Оленька была вздорной девчонкой, как все нормальные пятнадцатилетние девчонки. Кроме того, как все женщины ее ума, она знала свою силу. Два эти фактора привели ее к выводу, что мне из ее сетей не выпутаться, и можно побыть немножко злодейкой. Оля набрала в рот дыма и выпустила мне его в лицо. Я был семнадцатилетним пацаном и понимал мужественность не совсем так, как сейчас. Мне казалось, что за наше счастье я должен биться с (против) партнером, а не с (вместе) партнером. Я, молча, поднялся и пошел в сторону подземного перехода, ведущего в метро.
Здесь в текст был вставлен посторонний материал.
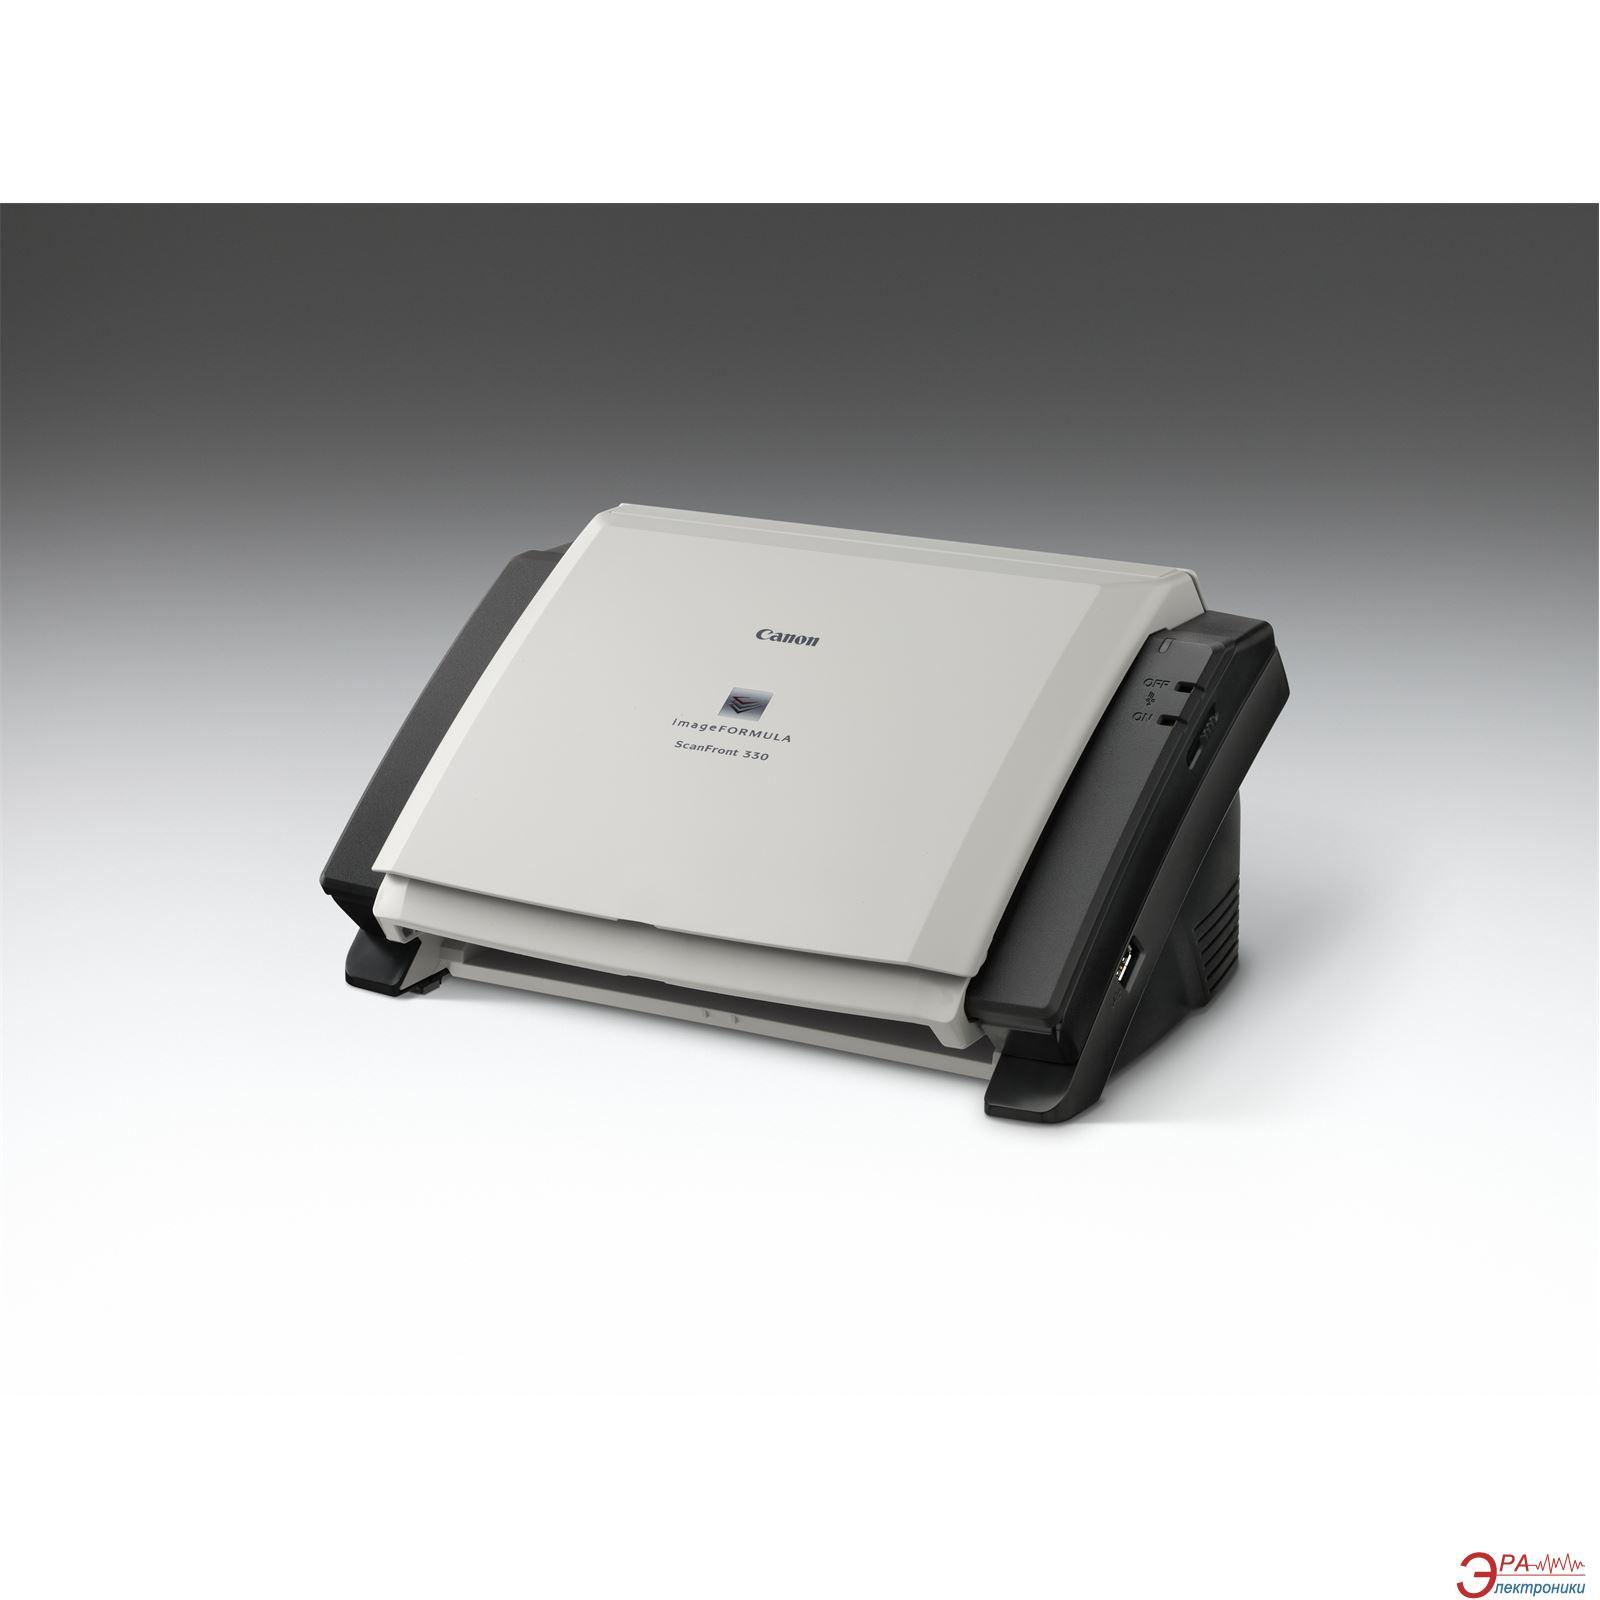 Сканер А4 Canon ScanFront 330 (8683B003)

Моя пассия смотрела на меня с деланным презрением, как снайпер в спину, тяжелораненому врагу, де далеко не уйдешь. Но тут я начал спускаться вниз, и моя фигура начала укорачиваться. Сначала исчезли колени, потом филейная часть тела, и, наконец, остался только бюст, но и он скоро исчез. Оленька испугалась и побежала за мной, чтобы признать меня как врача табакофоба, мудреца, настоящего мужчину и еще все, что пожелаю. Но я уже прошел турникеты и растворился в толпе пассажиров.
История весьма безобидная, если не учитывать тот факт, что после нее мы не виделись несколько месяцев и настолько охладели друг к другу, что я попал в психушку, а Оля столь же катастрофично вышла замуж. А в 1991 году я уехал на постоянное место жительство в Израиль, что забило последний гвоздь в крышку гроба наших отношений.
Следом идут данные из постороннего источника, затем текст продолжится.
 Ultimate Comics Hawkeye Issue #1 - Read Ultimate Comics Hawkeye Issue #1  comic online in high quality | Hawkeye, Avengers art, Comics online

Вторая часть моего повествования описывает события 8 августа 2000 года. Место действия тоже – метро Пушкинская. Честно говоря, не могу объяснить, какой именно из его входов. Оля с другом приближается к ступеням, ведущим в подземный переход, и, вдруг, видит мою спину, которую не видела уже девять лет. Она не успела сообразить, что я в Израиле и не могу спускаться в Московское метро, разве что подниматься из него как приведение. Моя первая любовь окрикнула меня: "Олег!" Обернулось три четыре человека, но обладатель моей спины хладнокровно проигнорировал Олин вопль отчаяния, и также как я пятнадцать лет назад, углубился в недра метрополитена. У женщины закружилось голова, и она предложила своему спутнику сесть на скамейку и перекурить, пока нахлынувшие переживания перестанут заставлять асфальт подпрыгивать и стукать по лицу.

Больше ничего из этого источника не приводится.